È una giornata fredda ma serena a Casalecchio di Reno quando gli studenti dell'Istituto Salvemini entrano nelle loro classi per seguire le lezioni.

Mentre inizia la prima ora, alle 8:40 circa, un aviogetto da addestramento Aermacchi MB-326 MM54386/65 stacca dalla pista dall'aeroporto di Verona-Villafranca.

Poco sopra l'abitato di Casalecchio, però, il tenente Bruno Viviani di 24 anni, pilota e unico membro dell'equipaggio, si rende conto che l'aereo diventa ingovernabile ed è costretto ad abbandonarlo lanciandosi con il seggiolino eiettabile per poi posarsi con il paracadute sulle colline di Ceretolo, riportando alcune fratture.

Nel frattempo il velivolo, ormai con nessuno a bordo, è come una scheggia impazzita. Inizia la sua folle picchiata che termina schiantandosi contro la succursale dell'Istituto Tecnico Salvemini, situata in Via del Fanciullo n°6 e prendendo fuoco.

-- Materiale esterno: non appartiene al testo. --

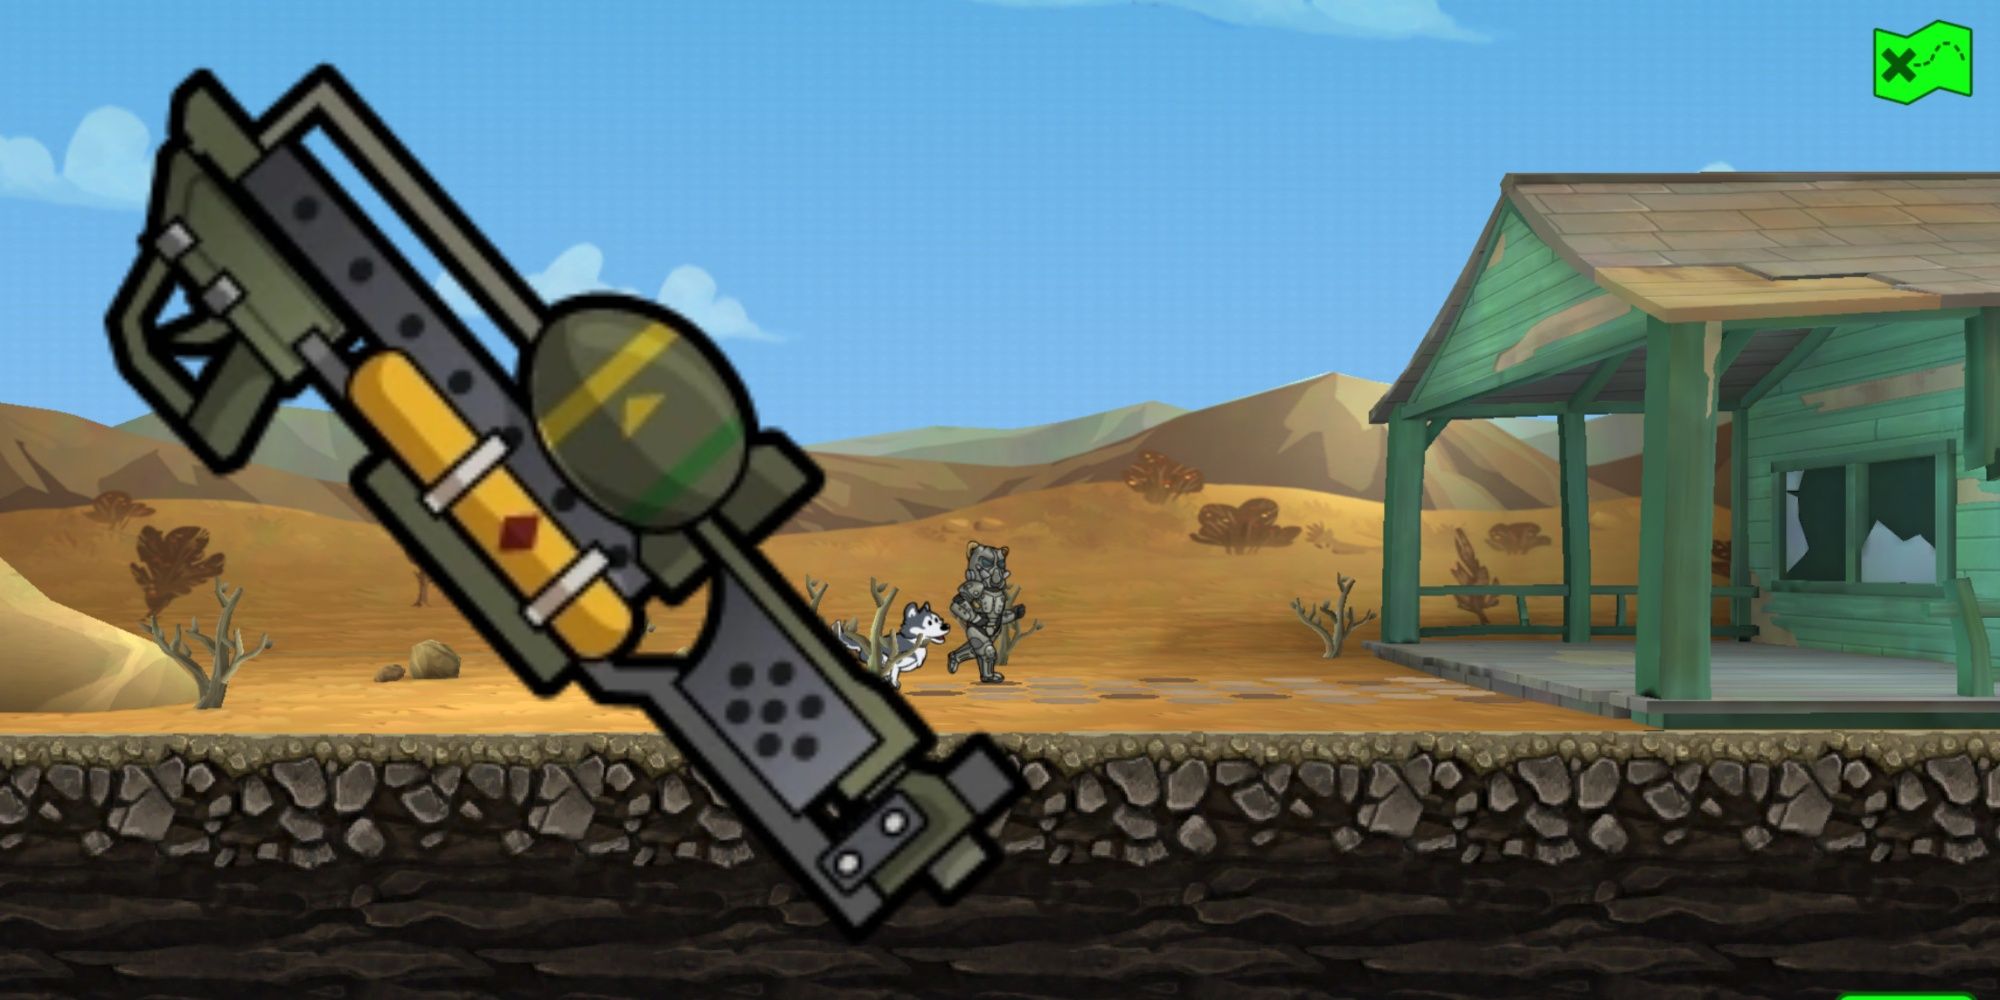 MIRV Weapon In Fallout Shelter

L'aereo colpisce l'aula della classe 2ª A, uccidendo sul colpo dodici studenti di quindici anni e ferendone gravemente altri quattro oltre all'insegnante di tedesco Cristina Germani che stava tenendo lezione in quel momento.

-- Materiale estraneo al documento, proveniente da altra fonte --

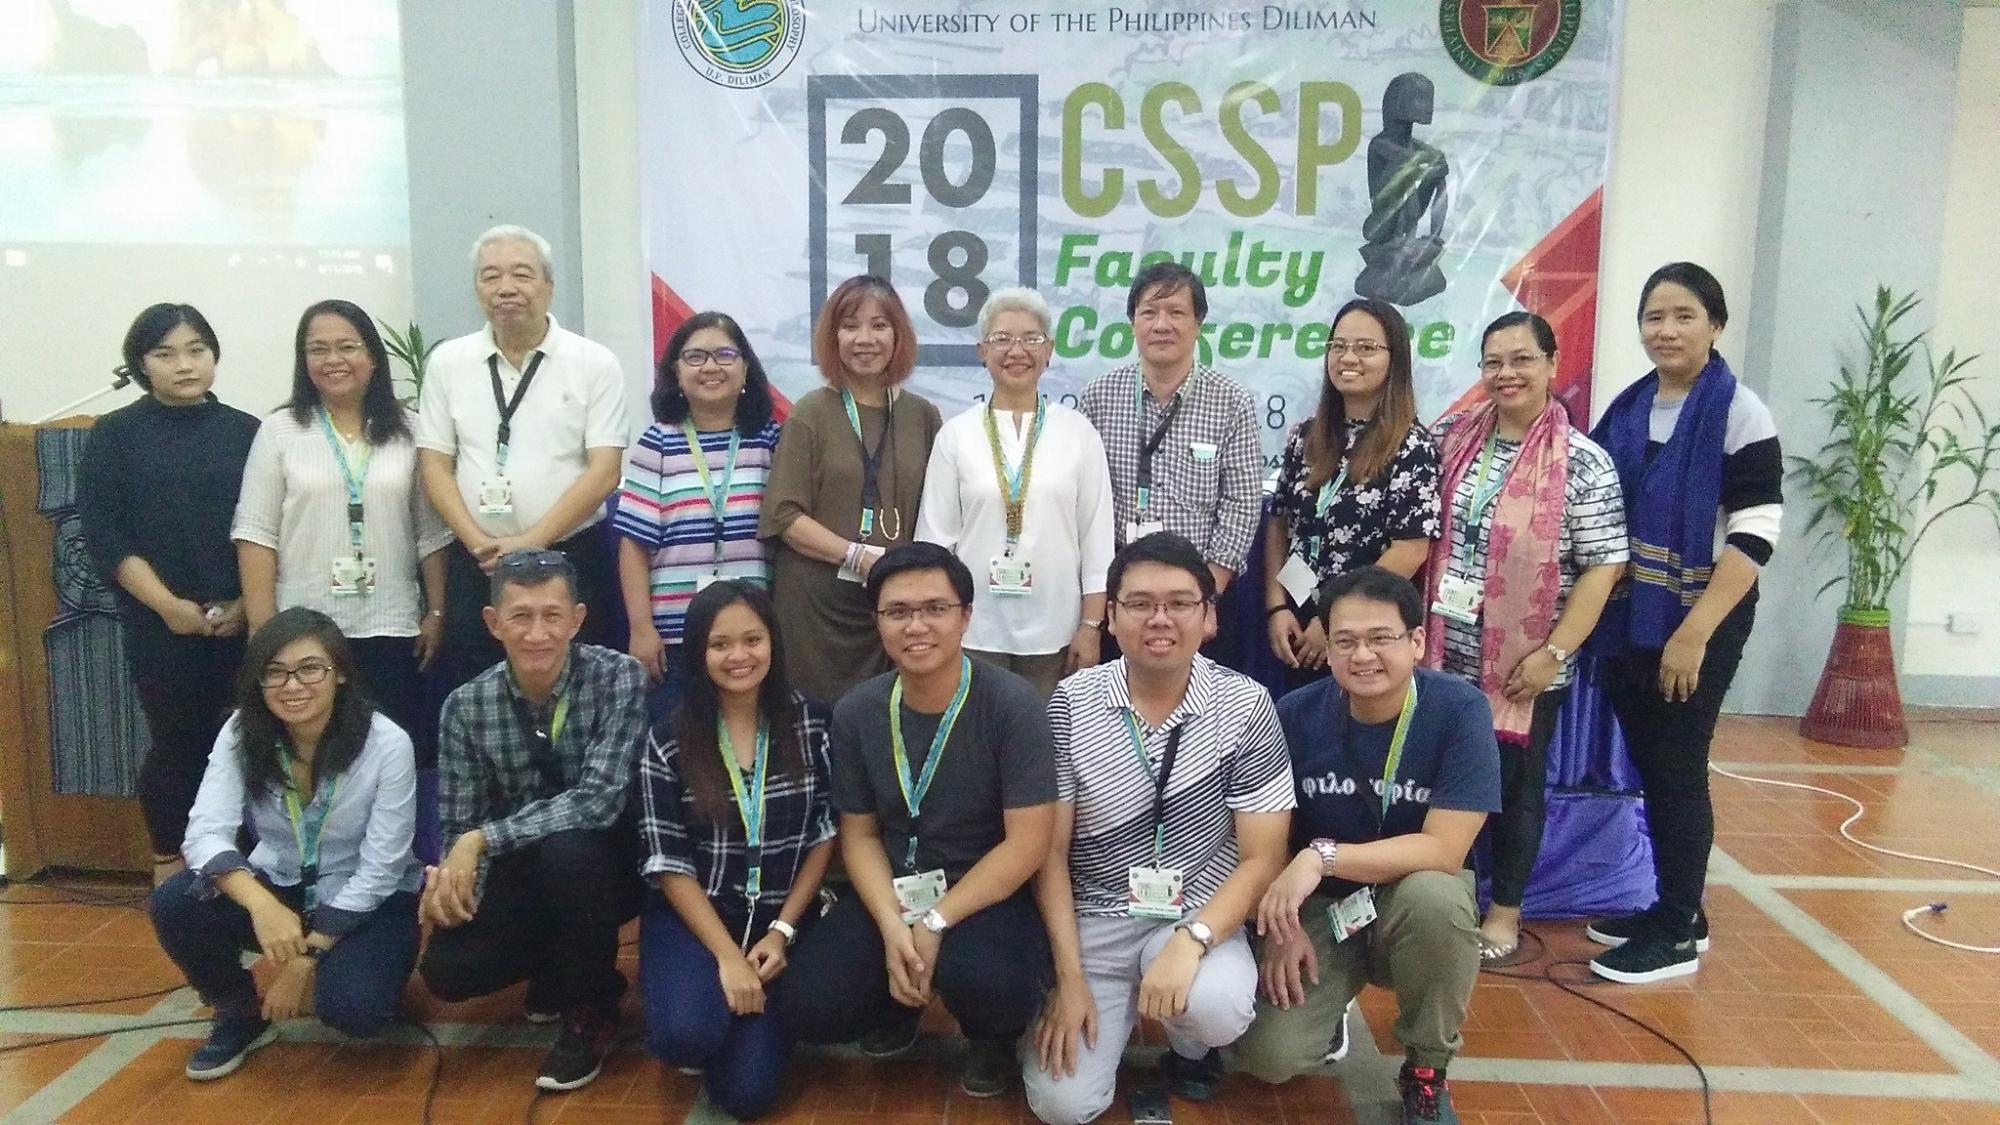 The faculty at the 2018 CSSP Faculty Conference

I concitati attimi successivi vedono il combustibile fuoriuscito prendere fuoco, incendiando l'edificio. Oltre ai dodici ragazzi morti sul colpo, 88 feriti vengono ricoverati e di questi 72 riportarono invalidità permanenti in misura variabile tra il 5 e l'85%. Infatti, molti degli occupanti dei piani superiori, visto che la via di fuga è sbarrata dall'incendio che divampando sta sviluppando fumo denso e acre, decidono umanamente di saltare dalle finestre.

I soccorsi vengono prestati dal gruppo Bologna Soccorso che arriva sul posto dopo soli sette minuti dallo schianto.

L'inchiesta successiva, caratterizzata da non poche polemiche, stabilirà che si è trattato di un tragico incidente, anche se i parenti delle vittime hanno continuato a chiedere giustizia.